The impact of diet and increased plant sterol supply on the parameters of oxidative stress in the group of obese women was examined previously by Stelmach-Mardas and co-workers. The study covered 101 women with a BMI > 30 kg/m2. They were divided into two groups: the study group (60 women) and the control group (41 women). Anthropometric measurements were made, such as body weight, height, waist, and hip circumference. Parameters were calculated, including the value of the body mass index and waist–hip index and percentage of adipose tissue. The lipid profile and oxidative stress parameters (malondialdehyde (MDA), oxidized protein, hydroxydioxides, CAT, SOD) were measured by enzymatic-colorimetric methods. The results showed significant (p < 0.05) differences between the examined groups in relation to oxidative stress parameters after supplementing the diet with plant sterols [17].

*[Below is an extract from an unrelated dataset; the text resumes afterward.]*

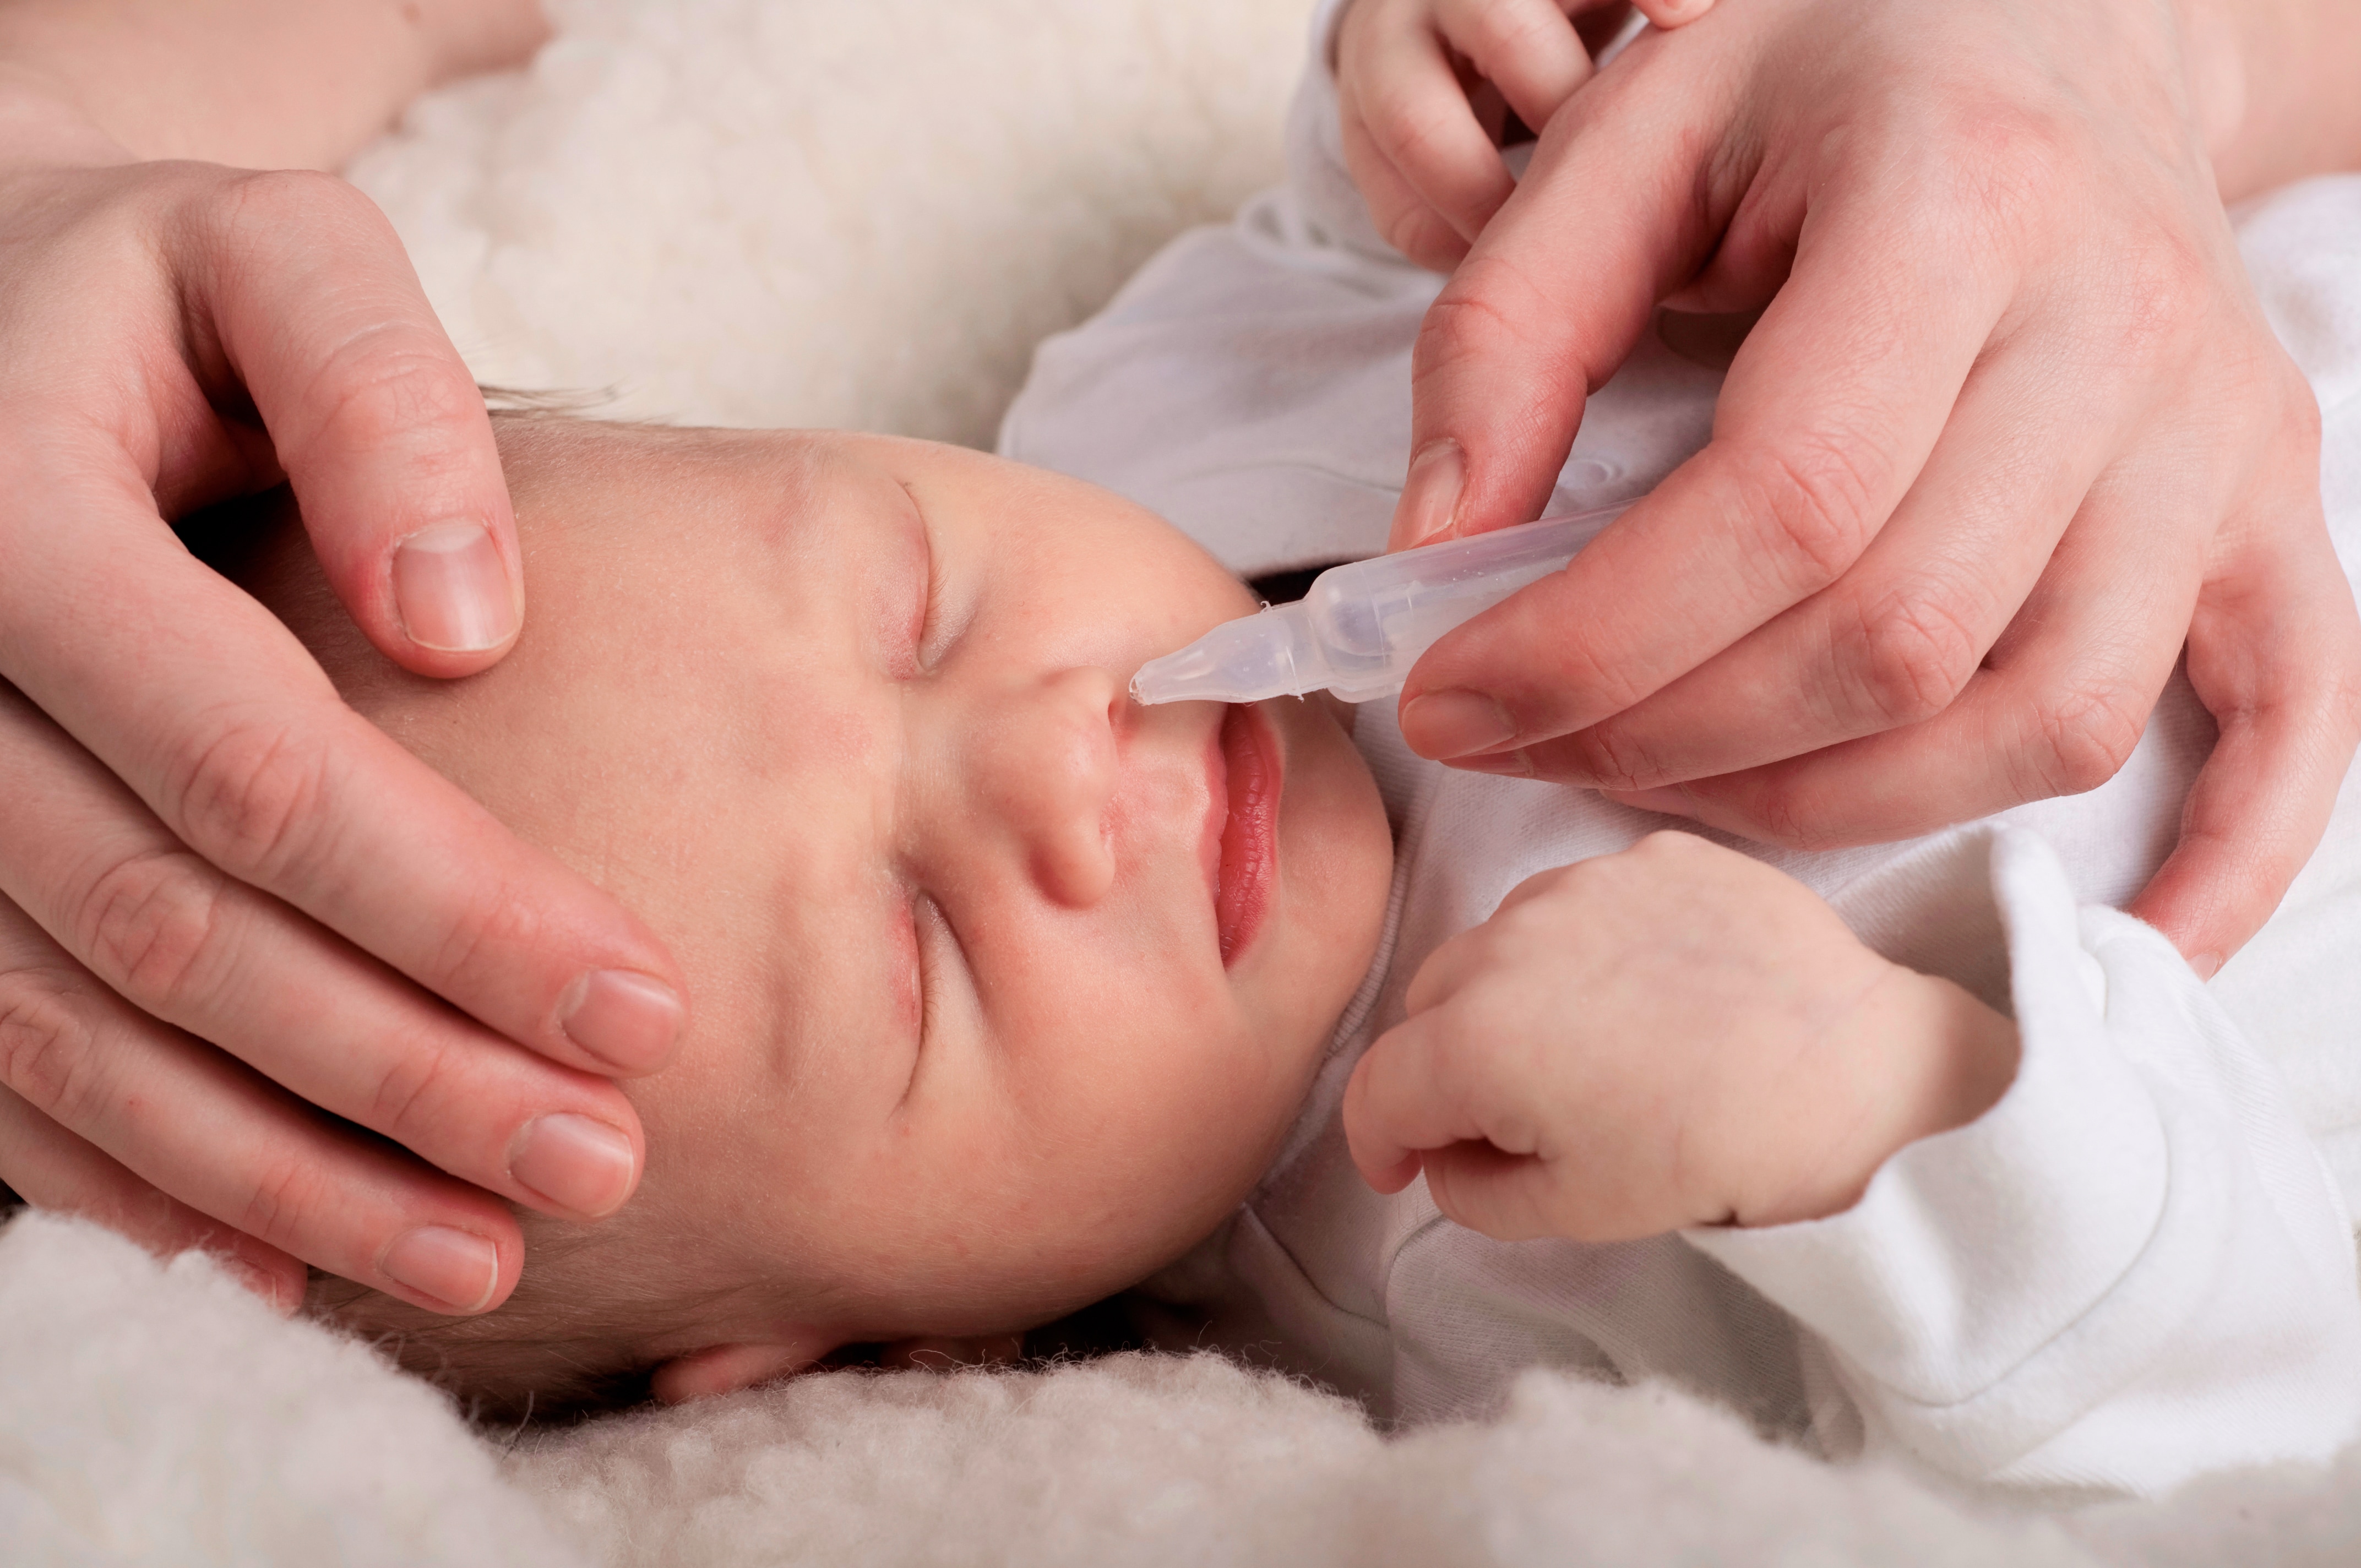 Как помочь малышу с заложенным носиком: Секреты здорового дыхания
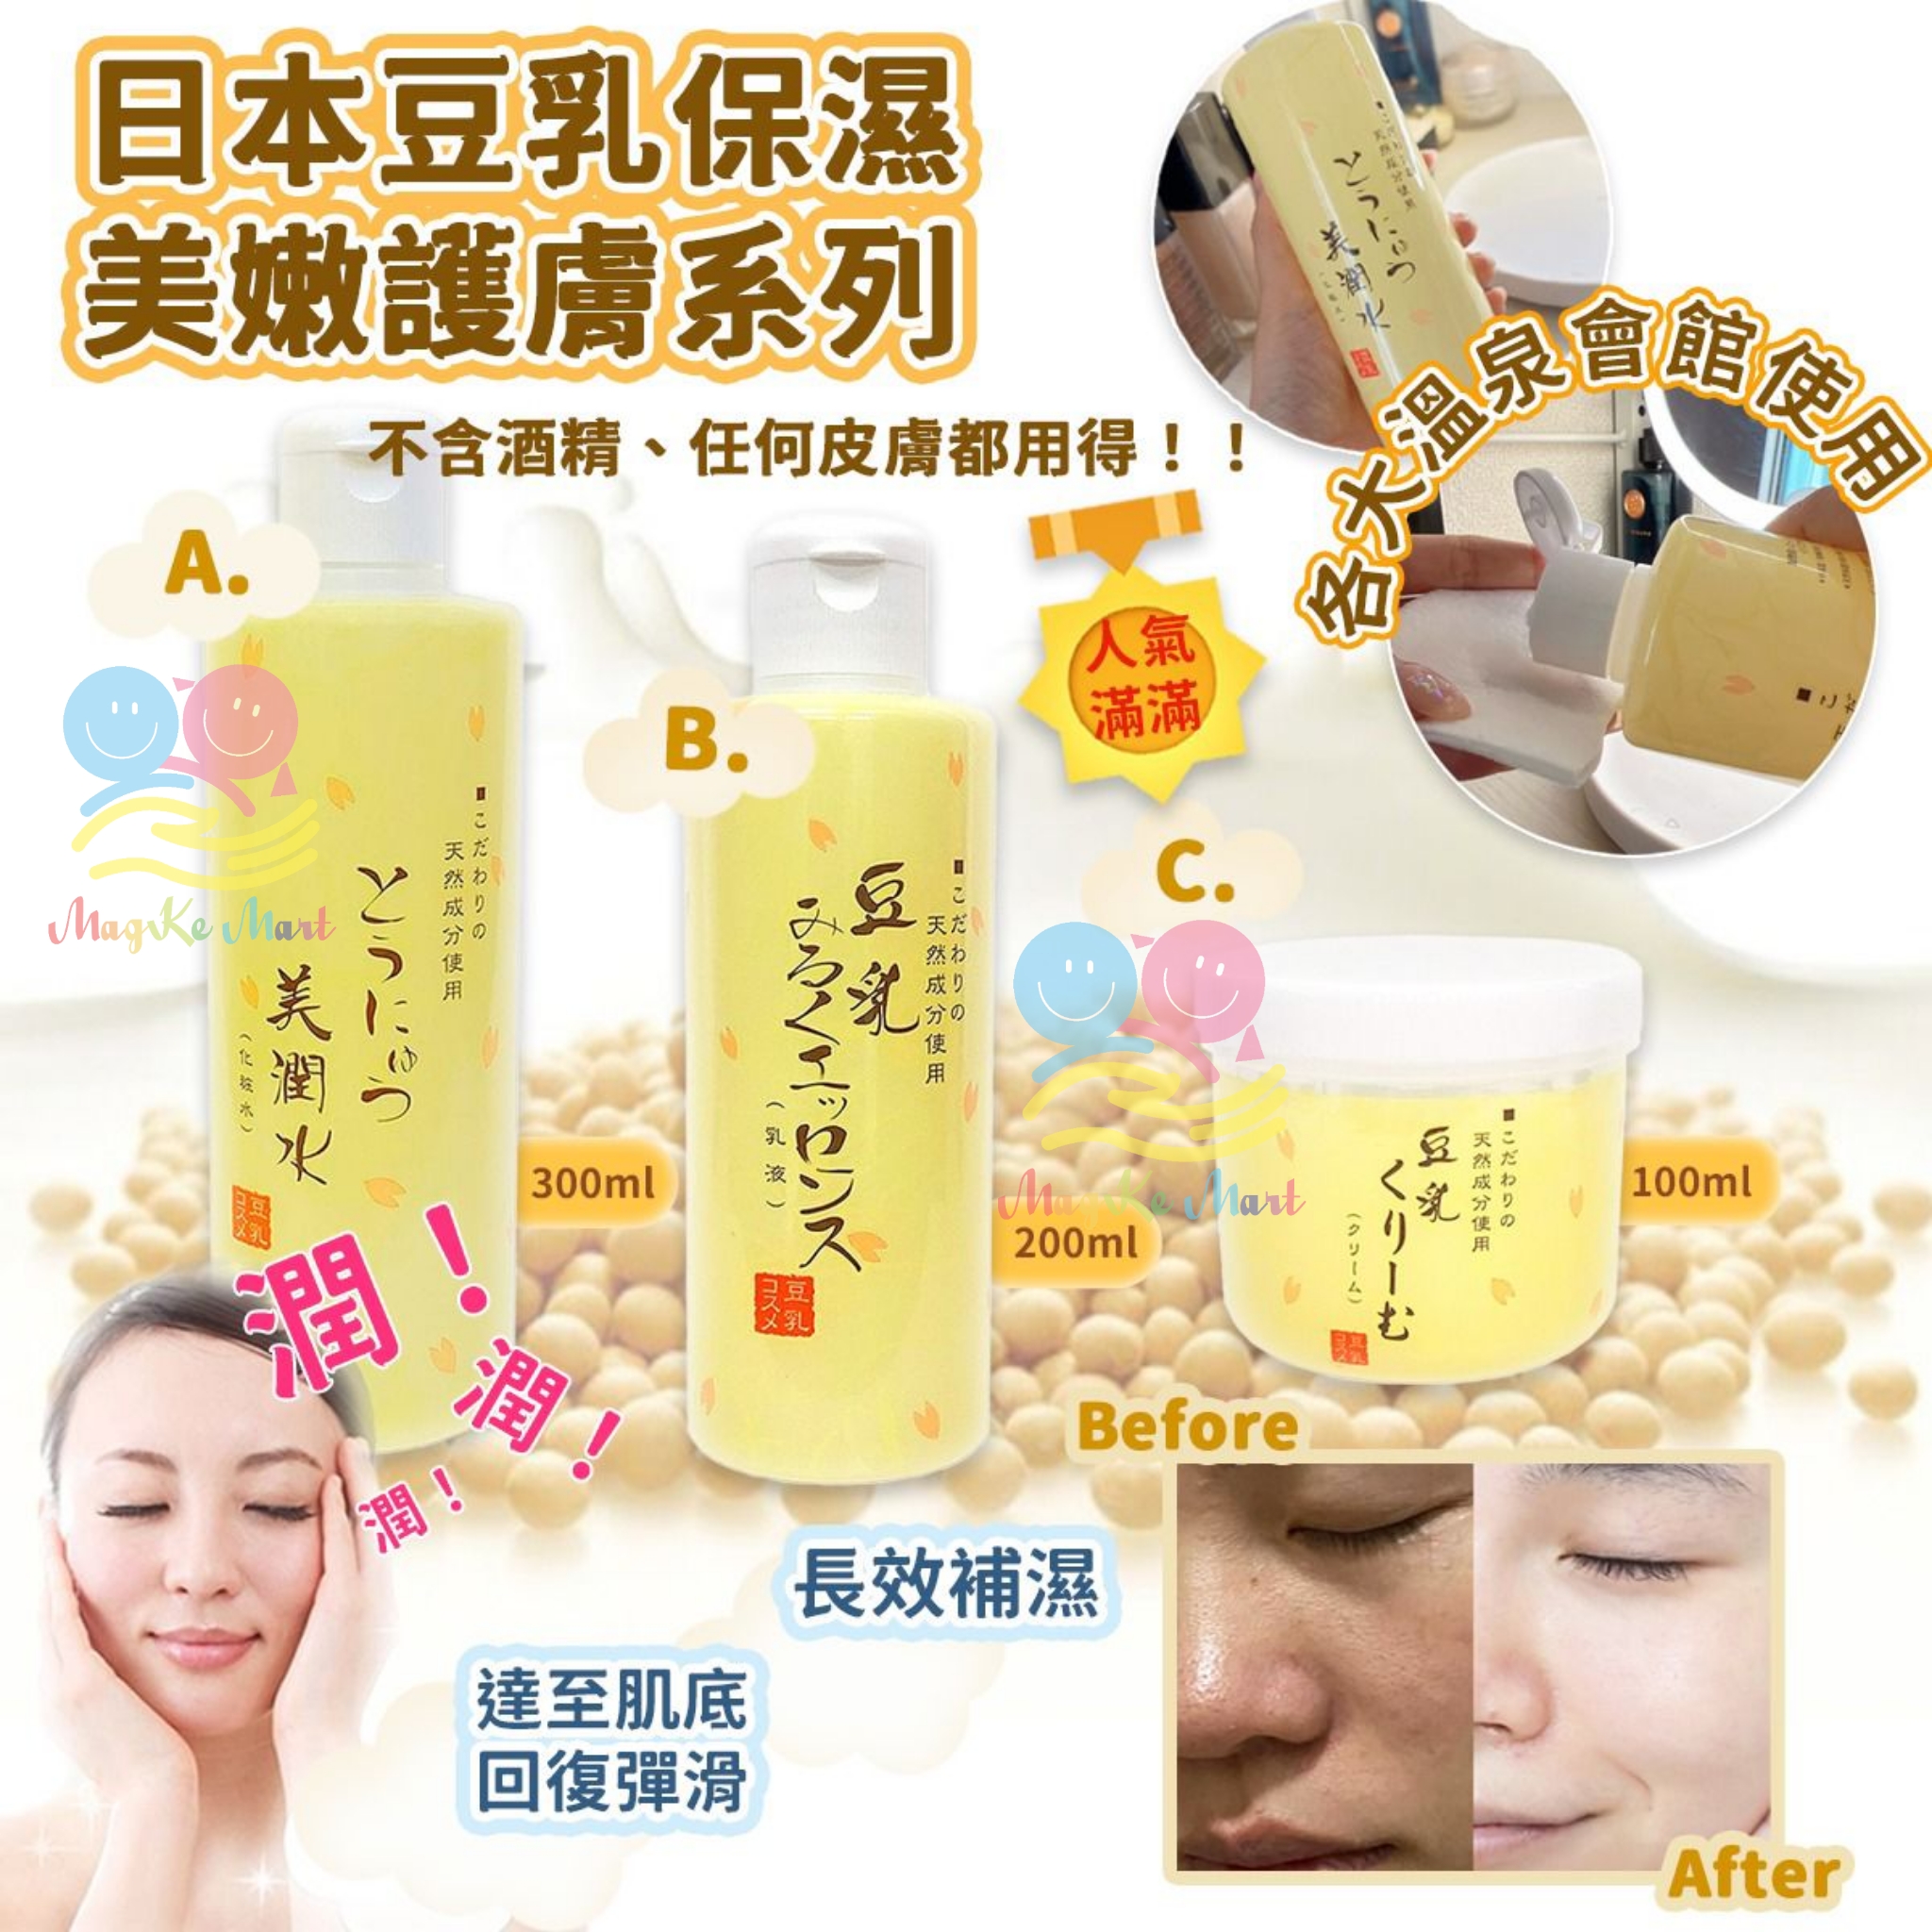 日本豆乳保濕美嫩護膚系列

The results showed significant (p < 0.05) differences between the studied groups in the parameters of oxidative stress after supplementing the diet with plant sterols [17]. In the study group showed a decrease in the amount of hydroxydioxides (p = 0.0011) and a tendency to reduce the activity of malondialdehyde (p = 0.0018), oxidized protein, and above all SOD (p = 0.0004). Xiao-Liao et al. conducted a study for SOD in a group of 136 young- and middle-aged men. The men were divided into three groups based on BMI: group I—obese (43 people), group II—overweight (46 people), and a control group with normal weight (47 people). Statistical analysis was performed, the results of which, in relation to oxidative stress parameters, showed a significant decrease in the activity of MDA and SOD in overweight and obese people [18]. With regard to our current study, it can be assumed that anthropometric features are also strongly related to the activity of individual antioxidant enzymes. It is true that healthy volunteers, before and during the study, did not have to be on a special diet, as was the case in the study by Stelmach-Mardas et al., although SOD activity was similar. The decrease in the activity of SOD in the case of people with 1st degree of obesity and its increase in underweight individuals have also been demonstrated.

Mohensi et al., on the other hand, conducted a study on obese children and children with average body weight aged 8–16 years. They demonstrated that Mn-SOD and CAT gene expression was significantly lower in the obese group compared with the control group (p < 0.01). Also, a positive correlation was observed between the gene expression of Mn-SOD and CAT and BMI, fasting blood sugar, insulin resistance, low-density lipoprotein-cholesterol (LDL-C), triglycerides, and systolic blood pressure. Induction of antioxidants, especially Mn-SOD and CAT, can reduce oxidative stress and prevent the complications of obesity in children [19].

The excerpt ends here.